The charity was officially established during the lifetime of William Jones. The letters patent, granted by King James I, were dated 19 March 1614. The original site of the Monmouth Alms Houses and Monmouth School and Chapel was the area bounded by four roads: Bridge Street, Almshouse Street (then part of Whitecross Street), Weirhead Street, and the road leading to Wye Bridge. The original twenty Monmouth Alms Houses were constructed in that area of Monmouth during the summer of 1614. The Monmouth Alms Houses were rebuilt in 1842 and 1961. A second charity was established for the town of Newland based on Jones's bequest of £5,000 to that town. The letters patent for the Newland charity were dated 20 July 1619. The 16 Newland Alms Houses and preacher's house had already been erected in 1616 to 1617. The original Newland Alms Houses were added to the National Heritage List for England on 12 December 1953 as Grade II listed buildings. The William Jones's Alms House Charities continued to fund alms houses in both Monmouth, South Wales and Newland, Forest of Dean until recently. Due to the limited amenities in Newland and the age of the early 17th century Newland Alms Houses, which were difficult to modernize, the decision was made to concentrate alms house activity in Monmouth. The Newland Alms Houses were closed and the facility sold in 2010. The Haberdashers' Company had acted as trustee of the charity since 1613. In January 2007, Bristol Charities assumed management responsibilities for the charity. In June 2011 the trusteeship of the charity was transferred from the Haberdashers' Company to Bristol Charities.
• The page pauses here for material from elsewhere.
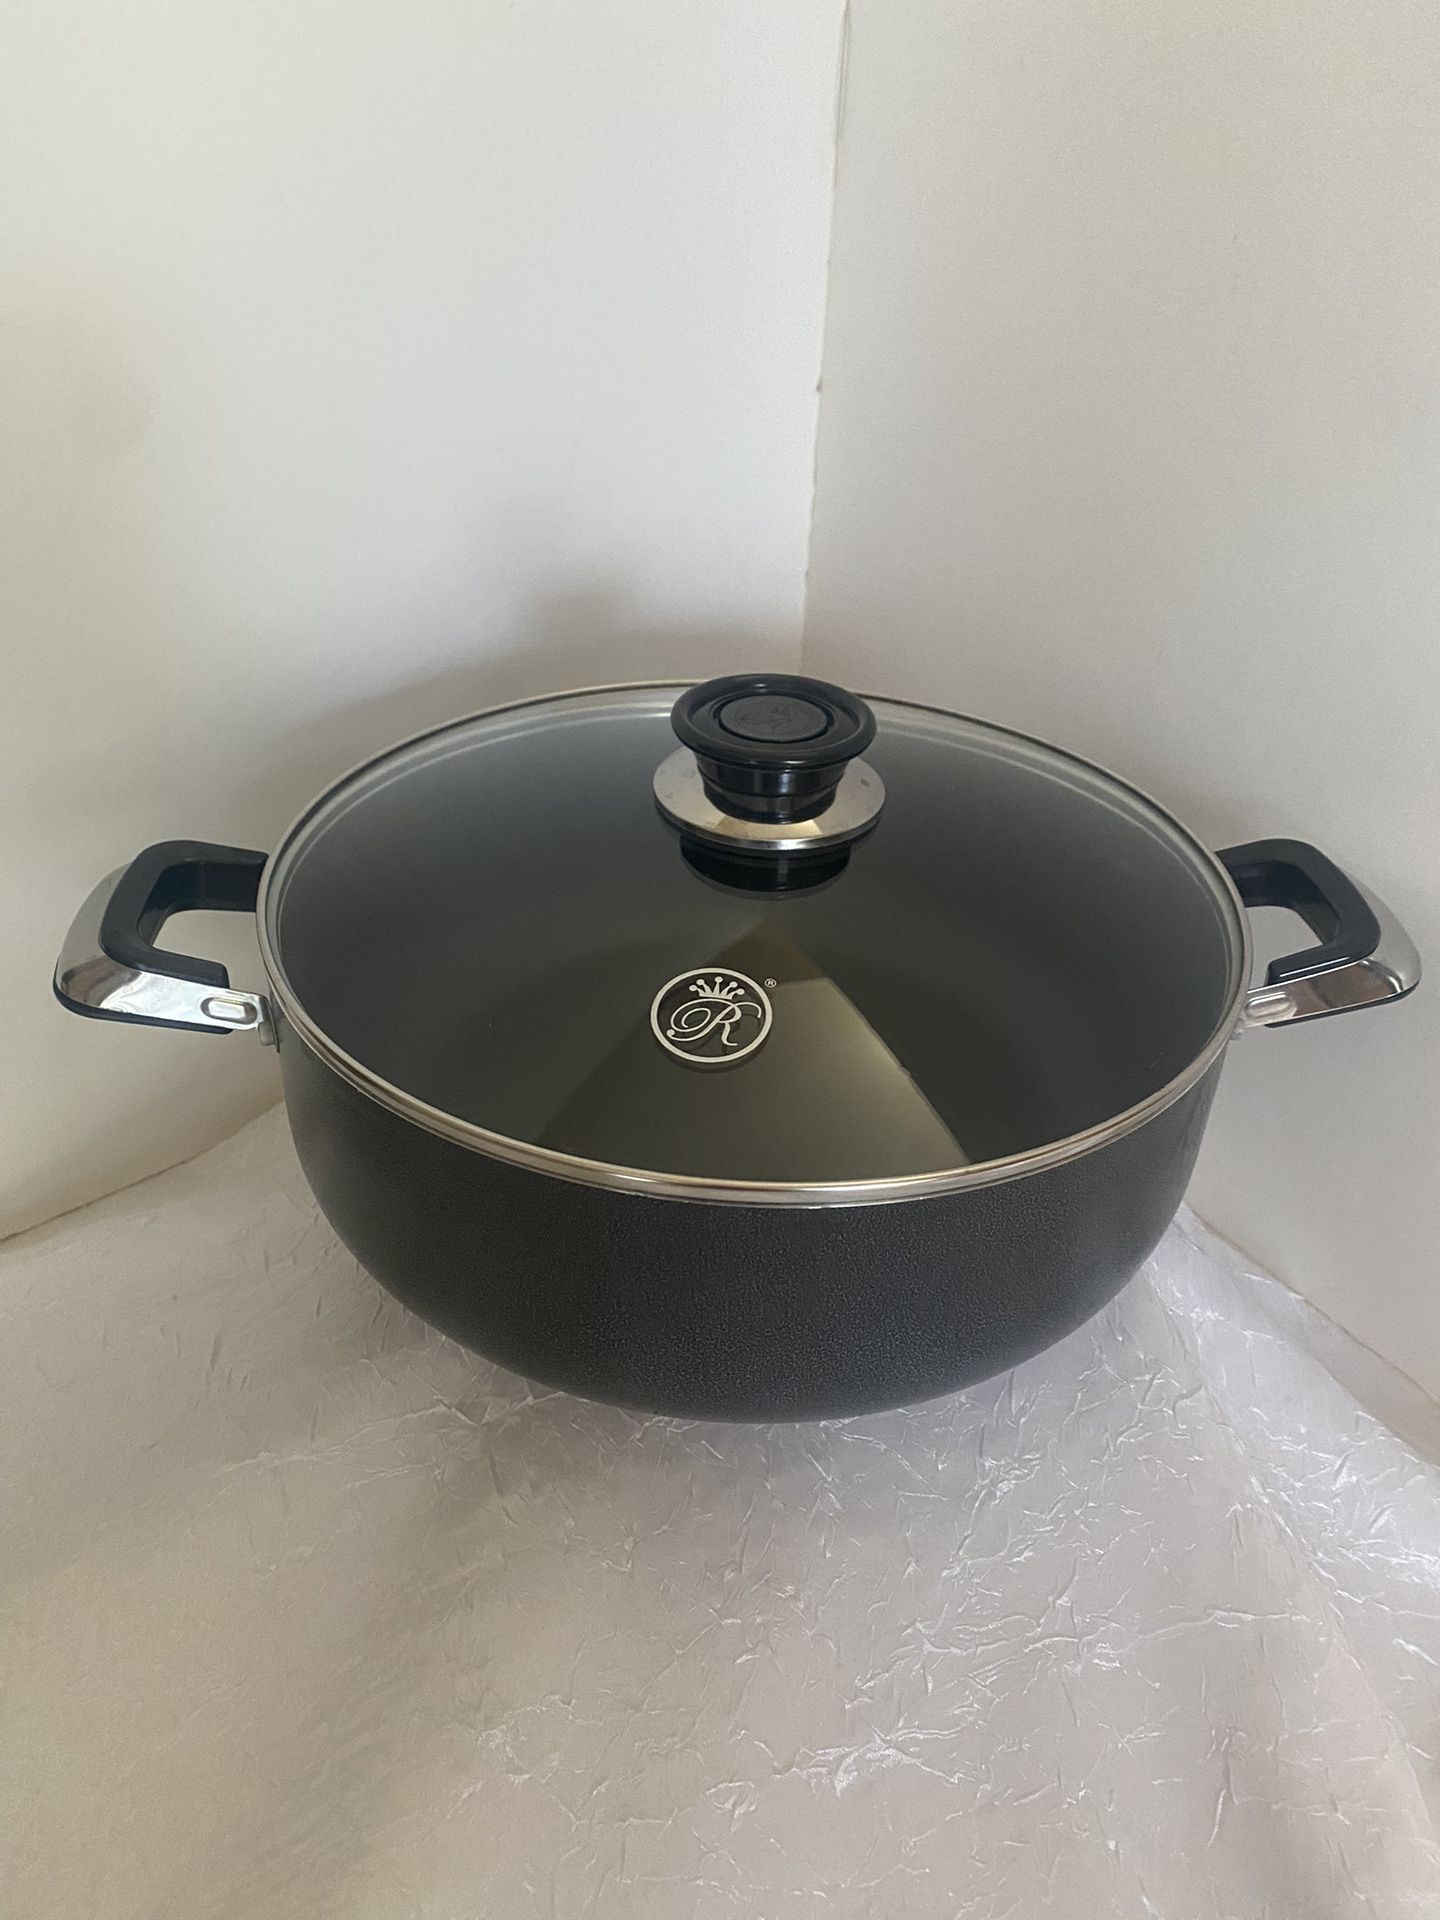 Royal Cook 4QT Aluminum Non Stick Cookware Pot $28

== Redevelopment of the Monmouth Alms Houses ==

The recent Monmouth Alms Houses dated from 1961. They consisted of nineteen small units. The residents of those units were temporarily relocated, and the Alms Houses closed in May 2008. Demolition of the Alms Houses off St James' Square began on Thursday, 23 February 2012. and consists of 24 one-bedroom apartments, which were ready for occupancy in early 2013. Housing developer Lovell was awarded the contract for the new flats. In addition, ten mews homes are available for sale. The future gated development of flats and houses is named Cwrt William Jones.